Loading Python in RStudio

First, we load a Python environment. In this case, I am loading the Python portable version I mentioned above, but it could be Anaconda or another flavor. I have found that WinPython is just much easier to navigate and make it work.

This is the code that load the Pythobn environment that will together with R.

# load the package that makes R and Python talk
library(reticulate)

# set the preferred Python to execute
user_profile <- Sys.getenv("USERPROFILE")                    # user folder
python_portable <- normalizePath(file.path(user_profile,     # Python location
                                "WPy-3710zero/python-3.7.1.amd64/python.exe"))

reticulate::use_python(python_portable, required = TRUE)
 
# find out if it took it
reticulate::py_config()
#> python:         C:\Users\msfz751\WPy-3710zero\python-3.7.1.amd64\python.exe
#> libpython:      C:/Users/msfz751/WPy-3710zero/python-3.7.1.amd64/python37.dll
#> pythonhome:     C:\Users\msfz751\WPY-37~1\PYTHON~1.AMD
#> version:        3.7.1 (v3.7.1:260ec2c36a, Oct 20 2018, 14:57:15) [MSC v.1915 64 bit (AMD64)]
#> Architecture:   64bit
#> numpy:          C:\Users\msfz751\WPY-37~1\PYTHON~1.AMD\lib\site-packages\numpy
#> numpy_version:  1.15.4
#> 
#> NOTE: Python version was forced by use_python function

Example 1

Produce a simple Python matplotlib plot.

This is not easy as it seems using other flavors of Python.
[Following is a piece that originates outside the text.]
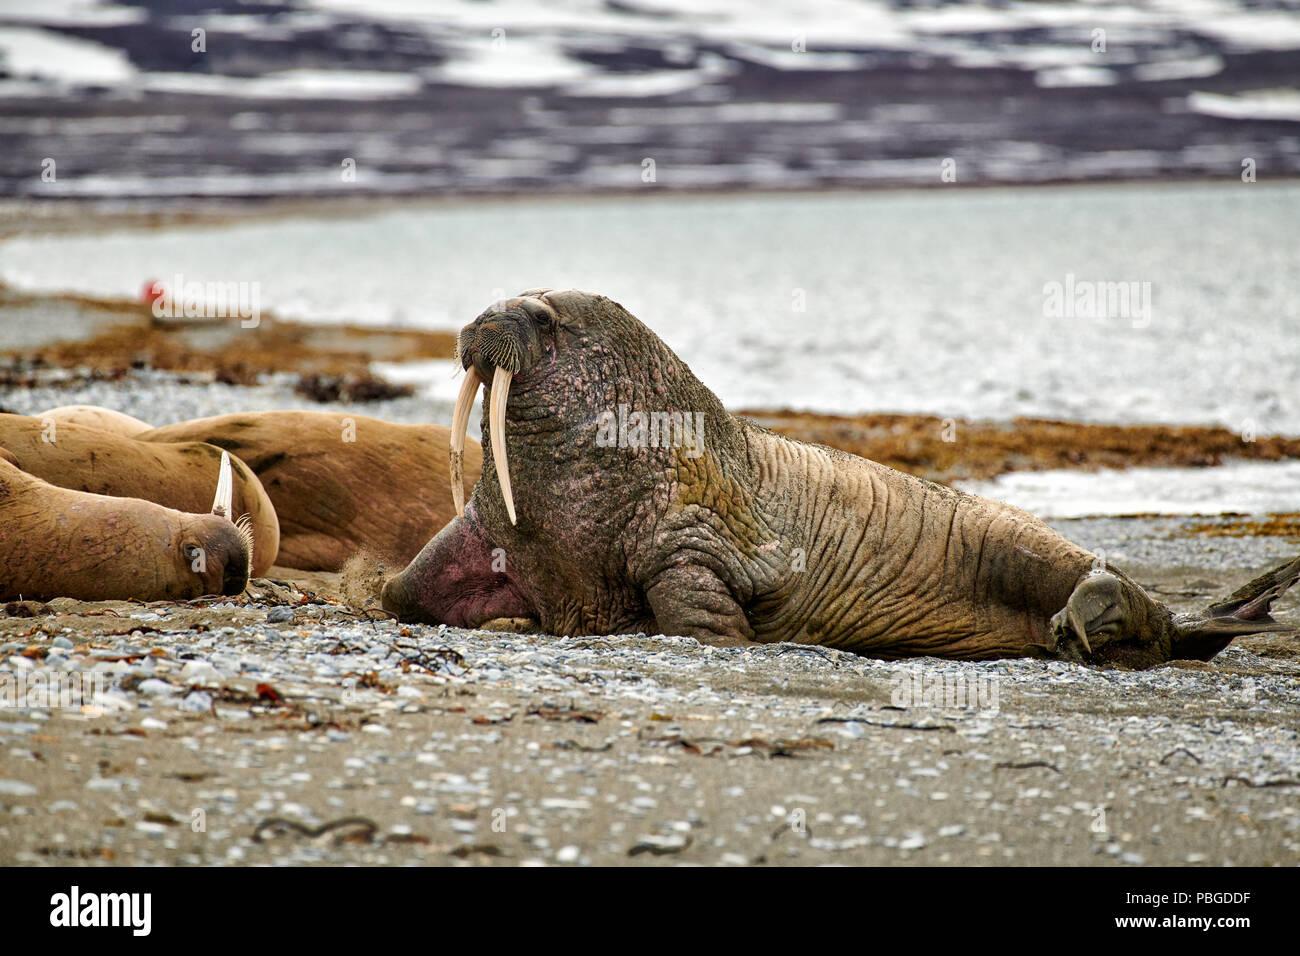 La morsa, Odobenus rosmarus, Poolepynten, Svalbard o Spitsbergen, Europa Imagen De Stock

I found that WinPython makes this plotting task easier for beginners or advanced levels. But this should be your test of fire because it uses several Python packages: matplotlib, numpy, PyQt, etc. So, if this works, almost everything else will work.

# a simple sine plot
import matplotlib.pyplot as plt
import numpy as np
t = np.arange(0.0, 2.0, 0.01)
s = 1 + np.sin(2*np.pi*t)
plt.plot(t, s)
plt.xlabel('time (s)')
plt.ylabel('voltage (mV)')
plt.title('About as simple as it gets, folks')
plt.grid(True)
plt.savefig("sine.png")
plt.show()

I know. This can be done easily in Jupyter notebooks but the objective here is to mix the power of Python and R running in a native R platform. I will explain later why.

Why the Python plots if R has ggplot2

One big reason: doing some data science and machine learning with reservoir blocks will require some 3d capabilities and Python has packages available for that. R also does but it would take more work. Refer the next example.

Example 2

Now, we are going to plot a pretended reservoir block for reservoir simulation. We are going to need it at sometime to build the machine learning algorithm and a artificial intelligence agent to do, let’s say, history matching, for starters. I found this beautiful example in the matplotlib tutorial section.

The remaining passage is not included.